(What you are asked to do)
In this exercise, write out the data word for word and leave every image out.

--- Data section Enclosed Below ---

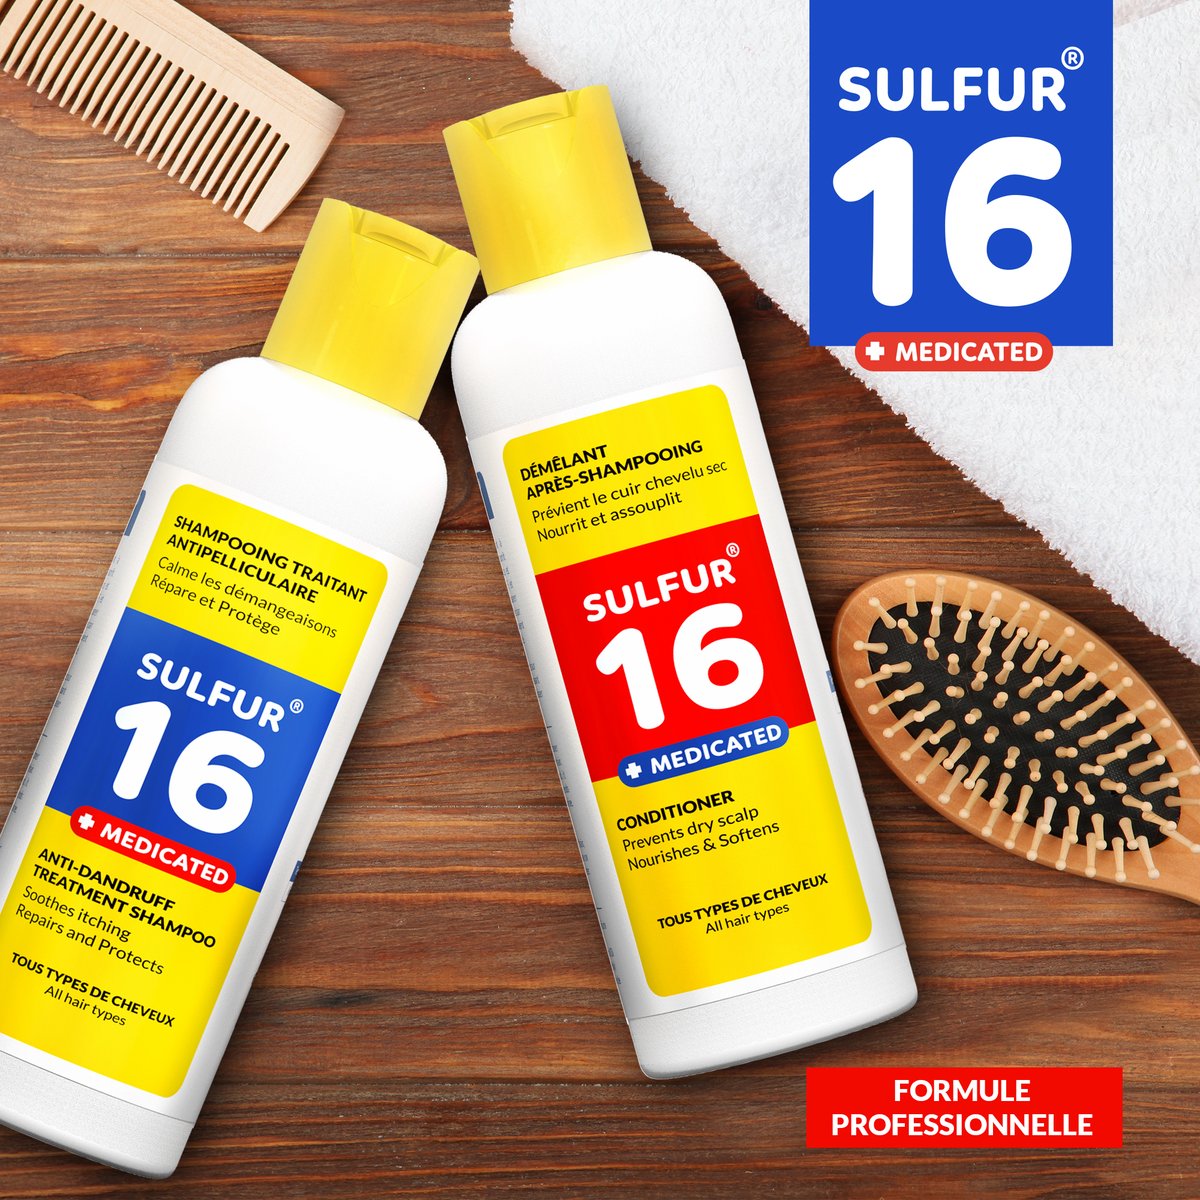 ✨ Dites adieu à vos problèmes de #cuirchevelu, pellicules ou #cheveux abîmés avec la gamme de produits 😍 « SULFUR 16 » !

En complément, le #démêlant après-shampooing nourrit ✨, assouplit et prévient le cuir chevelu sec.

Achetez dans tous les supermarchés 

#copaci #sulfur16

--- End of Enclosed Data section ---

(Task solution)
 ✨ Dites adieu à vos problèmes de #cuirchevelu, pellicules ou #cheveux abîmés avec la gamme de produits 😍 « SULFUR 16 » !

En complément, le #démêlant après-shampooing nourrit ✨, assouplit et prévient le cuir chevelu sec.

Achetez dans tous les supermarchés 

#copaci #sulfur16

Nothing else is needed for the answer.